Is the monoclonal antibody treatment for which the Food and Drug Administration recently revoked emergency-use authorization the only monoclonal antibody treatment that was available to the public? In other words, did the FDA’s revocation stop all monoclonal antibody treatments for people who get COVID-19 or only some? The news media is interested only in reporting the politicians yelling at each other, not on any underlying facts.
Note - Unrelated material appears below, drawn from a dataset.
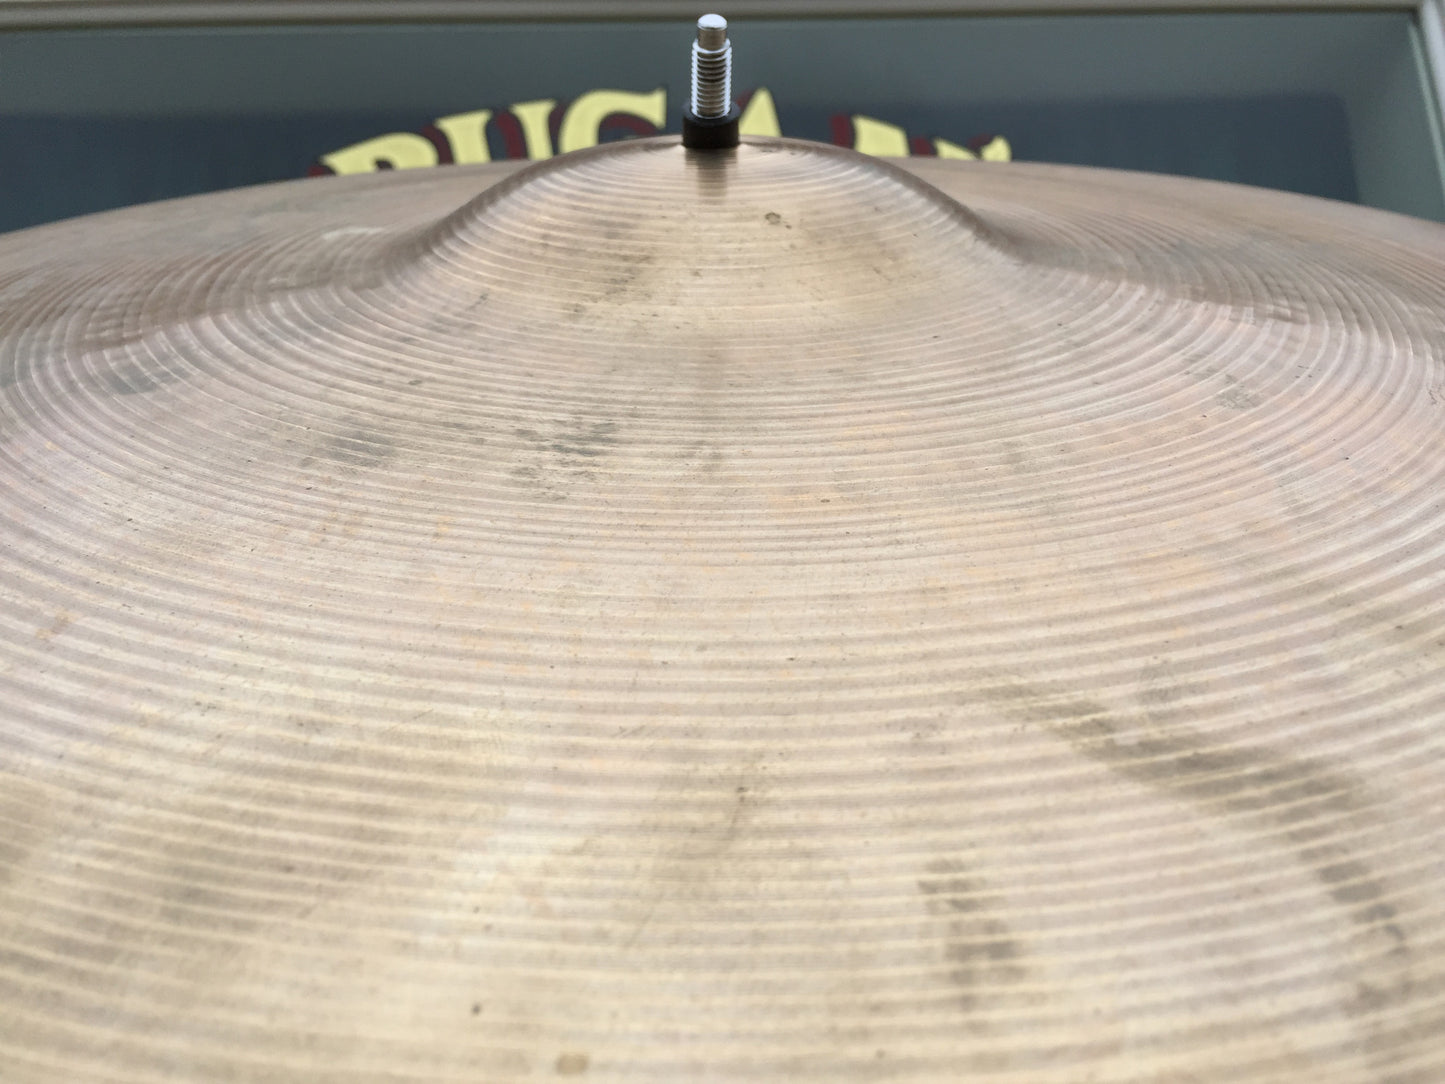 22" 1960's Zildjian A Ride Cymbal 2718g #344

I had been hearing many anecdotal stories about favorable results from monoclonal antibody treatments. Among the anecdotes, two friends of mine who recently (two weeks ago) tested positive for COVID-19 received monoclonal antibody treatments, and their conditions immediately improved significantly. Of course, the experience of two of my friends is not scientific proof of anything, and we can’t even be certain that the treatment caused the improvement of my two friends — though for one in particular, the coincidence of treatment and the magnitude of improvement was remarkable. Nor do I know if their treatments were the same ones for which the FDA revoked emergency-use authorization.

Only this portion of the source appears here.